The mathematical part of classical education

The mathematical part of classical education March 12, 2010

Those who are bringing back classical education as an alternative to the deadends evident in John Dewey’s progressive education are familiar with the trivium: grammar, logic, and rhetoric, the three liberal arts that lead to a mastery of language. The other four liberal arts, the quadrivium, though, gets short shrift: arithmetic, geometry, music, and astronomy.

Many people think that the liberal arts is just another word for the humanities, forgetting the quadrivium completely. Dorothy L. Sayers, whose essay “On the Lost Tools of Learning” was a major catalyst for the revival of classical education, thought that the quadrivium represented “subjects” that would be learned after the trivium provided the tools for doing so. In this she was just wrong. The quadrivium are “arts”; that is, powers of the human mind. They are essentially mathematical, even in the way music was approached. Thus, classical education embraces the two spheres that educators recognize are necessary for education: language and mathematics.

Anyway, my daughter, who has been studying Boethius, the great systematizer of the quadrivium, explained to me the connections between the arts of the quadrivium, in a way that also helped me see the way mathematics really does provide a unifying model for the order and design that underlies all existence.

arithmetic = numbers
geometry = numbers in space
music = numbers in time
astronomy = numbers in space and time

Do you see why music is numbers in time? And why astronomy is numbers in space and time?

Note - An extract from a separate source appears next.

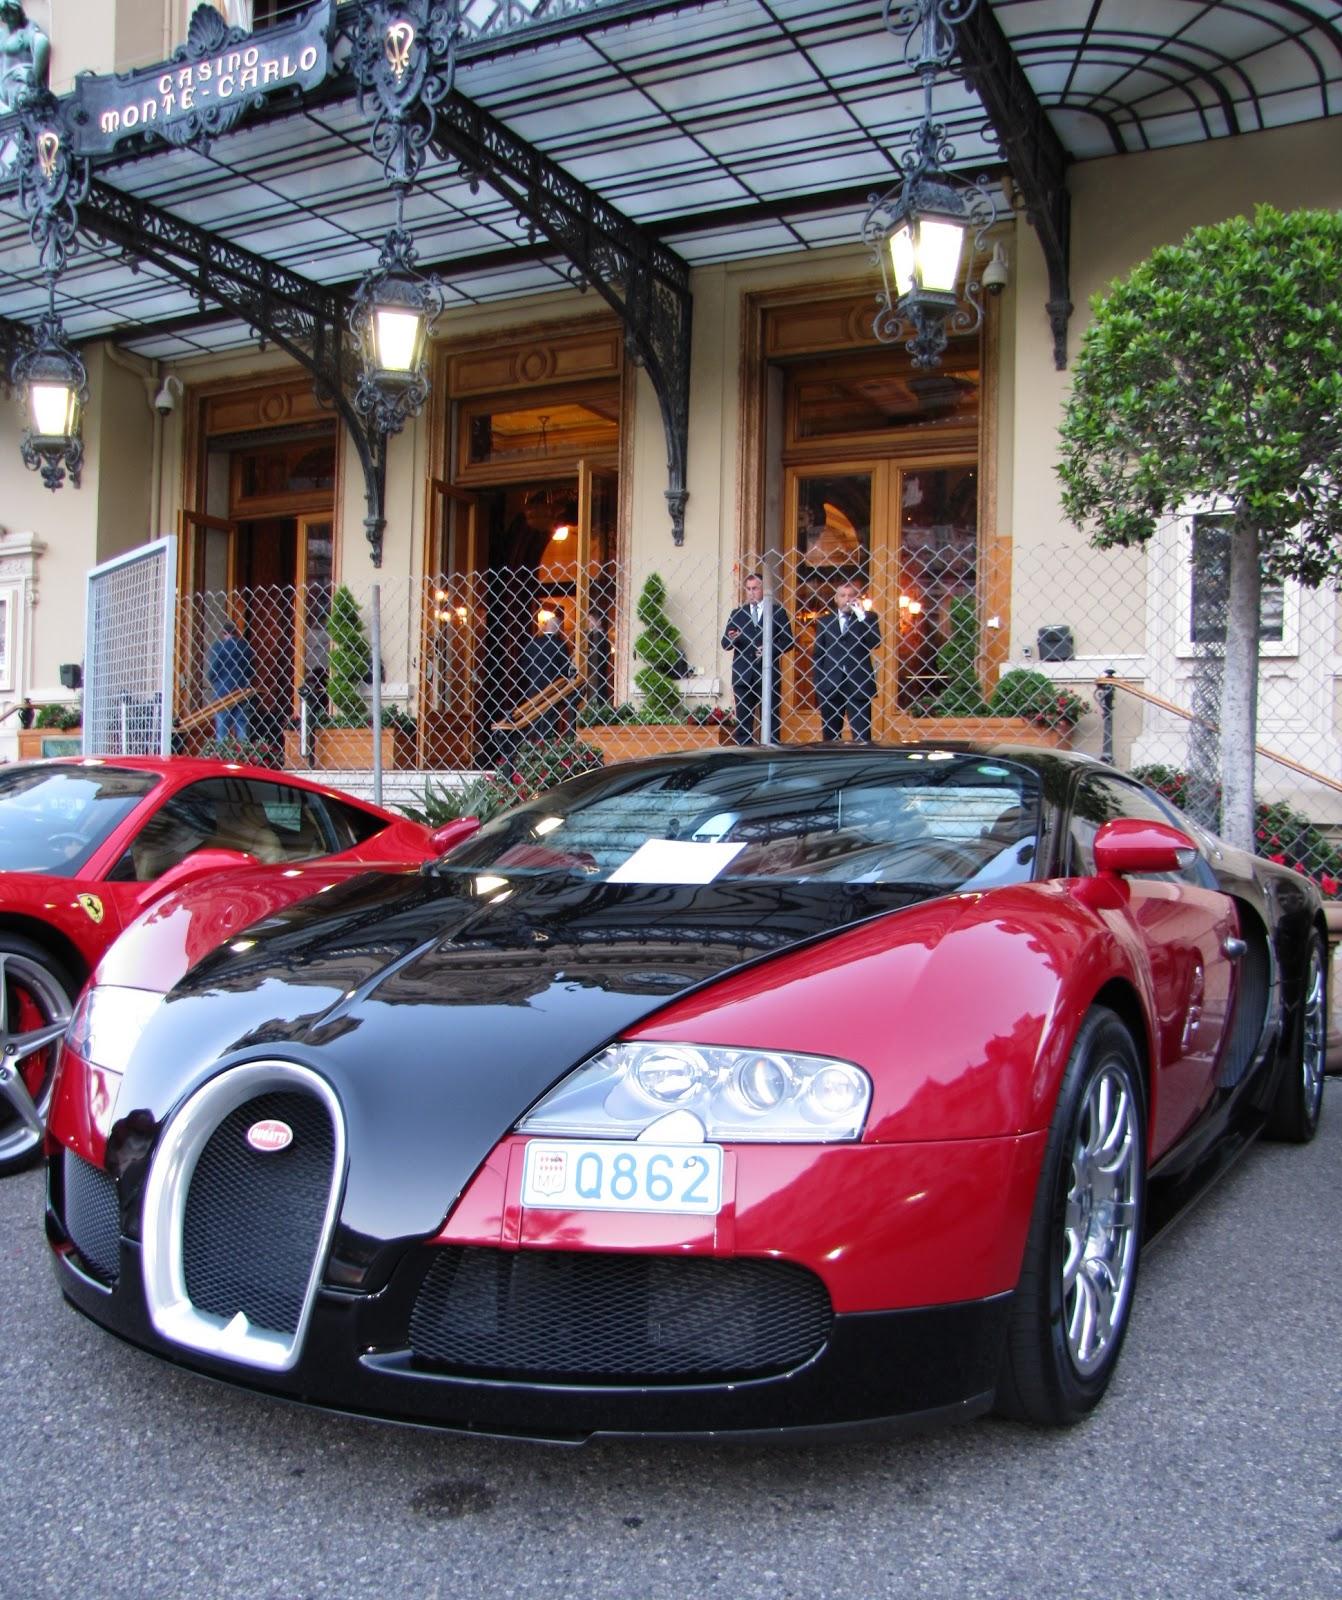 Bugatti Cars Bugatti Bugatti Veyron: Monaco Car Show: Bugatti Veyron

Now what we need is to bring mathematical education back from the dead–it’s telling that progressive education, for all its claim of being scientific and all, is failing most dramatically precisely in teaching science and mathematics–by coming up with a classical way of teaching it. Does anyone have any ideas? (And by this I don’t mean just teaching it more effectively or traditionally, such as Saxon Math. That and similar methods still lift numbers out of any context, which is not the classical way.)